The chloroplast genome of Zingiber striolatum Diels was sequenced using the MGI paired-end sequencing method and assembled. The chloroplast genome was 163,711 bp in length, containing a large single-copy (LSC) region of 88,205 bp, a small single-copy (SSC) region of 15,750 bp, and two inverted repeat (IR) regions of 29,752 bp. The overall GC content was 36.1%, whereas the corresponding value in the IR regions was 41.1%, which was higher than that in the LSC region (33.8%) and SSC region (29.6%). A total of 136 complete genes were annotated in the chloroplast genome of Z. striolatum, including 87 protein-coding genes (79 protein-coding gene species), 40 tRNA genes (29 tRNA species), and 8 rRNA genes (4 rRNA species). A phylogenetic tree was constructed using the maximum likelihood (ML) method, and the results showed that the phylogeny of Zingiber was well resolved with high support values, and Z. striolatum was sister to Z. mioga. The assembly and sequence analysis of the chloroplast genome can provide a basis for developing high-resolution genetic makers.

Introduction

Zingiber striolatum Diels (Diels 1901) is a perennial herb belonging to the genus Zingiber from the family Zingiberaceae (Tong Citation1998). Z. striolatum is a local vegetable, commonly known as Yang-He in China. The edible part of Z. striolatum is flowers (Huang et al. Citation2019). It is widely distributed, predominantly in many Chinese provinces with an altitude of about 800 m (An editorial committee of flora of China 1981; Huang et al. Citation2019). Although Z. striolatum could be cultivated with artificial plots in residential areas (e.g. in gardens), it is originally harvested from the wild. The plant height of Z. striolatum is 1–1.5 m (Deng et al. Citation2018). Z. striolatum has a cylindrical rhizome and an aromatic smell like other ginger species. Z. striolatum has high medicinal and edible value. The characteristics of Zingiber vegetative organs are highly similar, so it is extremely difficult to distinguish Z. striolatum from other Zingiber species (Theerakulpisut et al. Citation2012). DNA barcoding has been proved to be an automated, rapid, and accurate biological tool for species identification (Chen et al. Citation2010; Hebert et al. Citation2003). The informative sites of DNA barcoding markers are vital for the efficiency of species identification. Divergent hotspots for species identification have been reported in the subfamily Zingiberoideae (Li et al. Citation2021). However, the chloroplast genome of Z. striolatum has not yet been reported. In this study, we sequenced and assembled the complete chloroplast genome of Z. striolatum, which will contribute to understanding the population genetics of Z. striolatum and the chloroplast evolutionary dynamics of the genus Zingiber.

Plant materials

The plant materials of Z. striolatum sequenced in this study were collected from Xishuangbanna Botanical Garden, Jinghong City, Yunnan Province (21°41′N, 101°25′E) (). This species is common in Southwest Yunnan, and no permission is required to collect these samples. Fresh and healthy leaves were dried with silica gel and preserved for DNA extraction. A specimen was deposited at the Herbarium of Chongqing University of Arts and Sciences (www.cqwu.net, Huamin Liu, [email protected]) under the voucher number Li_Z033.
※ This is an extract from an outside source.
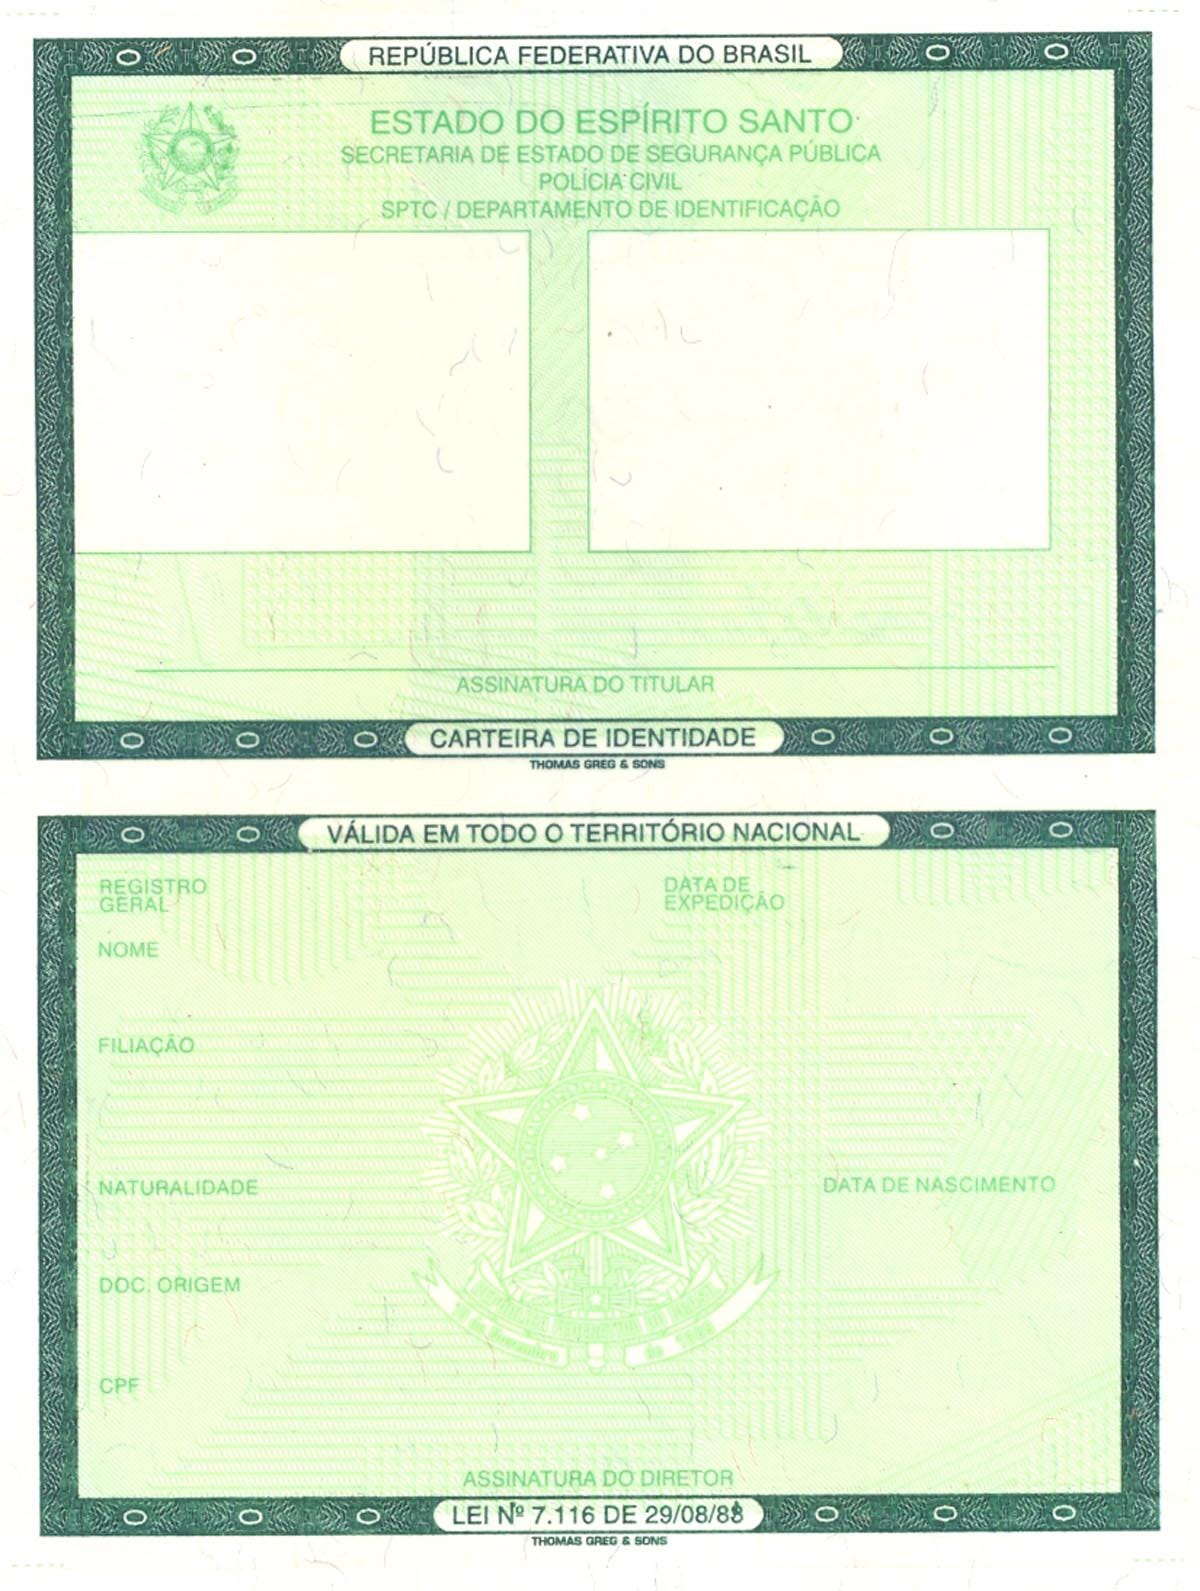 birth certificate national id document id number

Figure 1. The aerial stem of Zingiber striolatum (photo taken by Hong-Lei Li took at Xishuangbanna Botanical Garden, Jinghong, Yunnan).
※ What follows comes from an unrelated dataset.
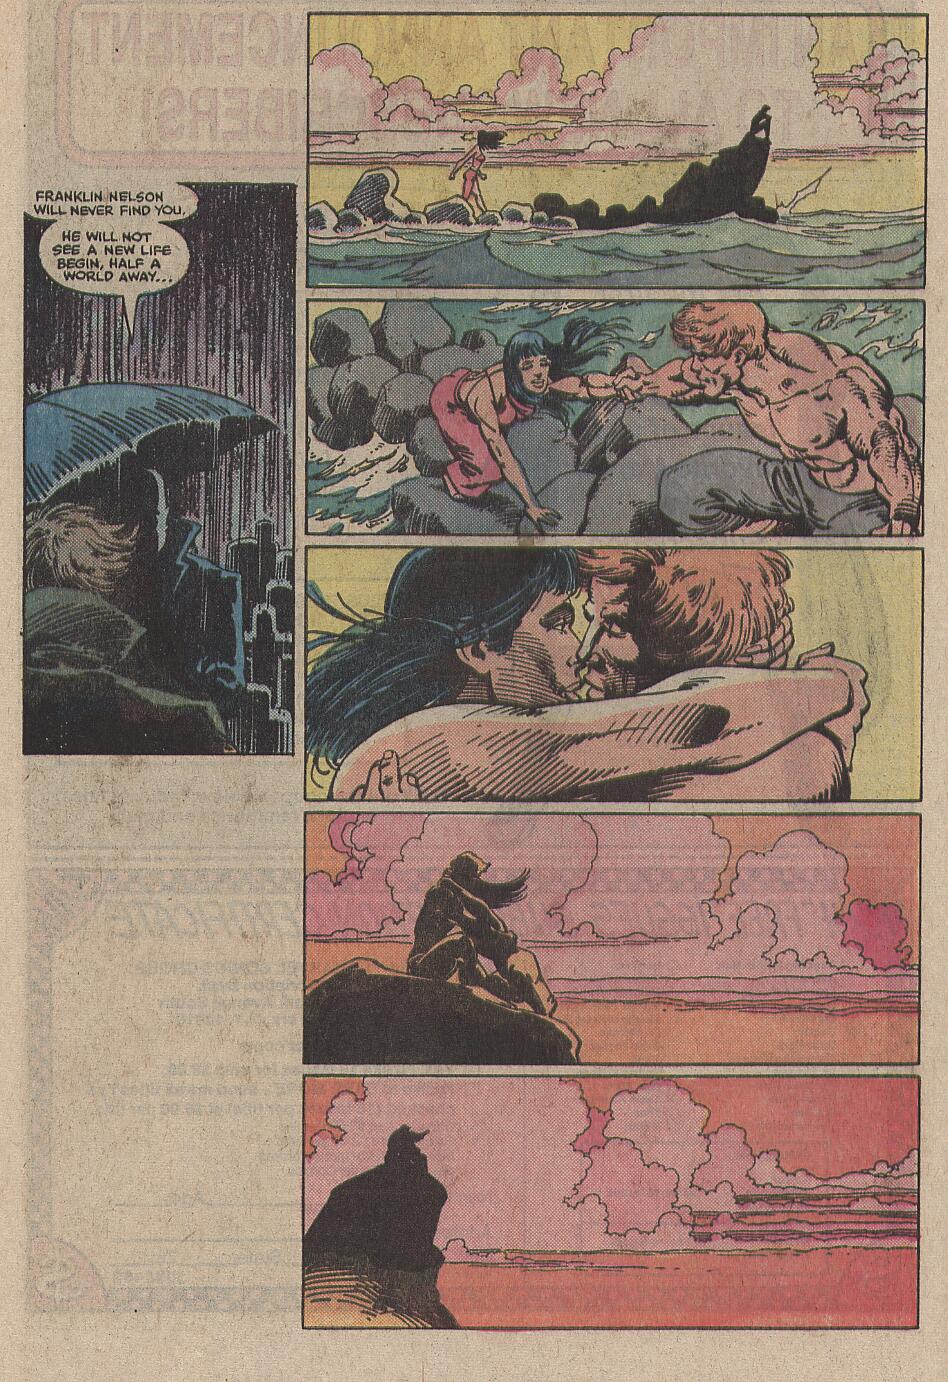 What If? (1977) issue 35 - Elektra had lived - Page 16

Figure 1. The aerial stem of Zingiber striolatum (photo taken by Hong-Lei Li took at Xishuangbanna Botanical Garden, Jinghong, Yunnan).

Methods

The modified sucrose gradient centrifugation method was used to extract total genomic DNA from silica-gel-dried leaves (Li et al. Citation2012). The concentration and quantity of isolated genomic DNA were assessed using NanoDrop 2000 micro spectrometer (Wilmington, DE, USA). The isolated genomic DNA was stored in the −80 °C refrigerator of the Key Laboratory of the College of Landscape Architecture and Life Science. A paired-end DNA library with an insert size of 350 bp was prepared using the MGI Easy PCR-Free DNA Library Prep kit (MGI-TECH), and then was sequenced by the MGI DNBSEQ-T7 platform (MGI-TECH, ShenZhen, China). A total of 5.0 Gbp raw data were produced. To obtain clean data, the adaptor and low-quality sequences were removed. The software NOVOPlasty v3.5 was used to assemble the whole chloroplast genome. The software Genius v11.0.4 was used to annotate the chloroplast genome, the result of which was corrected using Z. Officinal (MW602894) as a reference genome.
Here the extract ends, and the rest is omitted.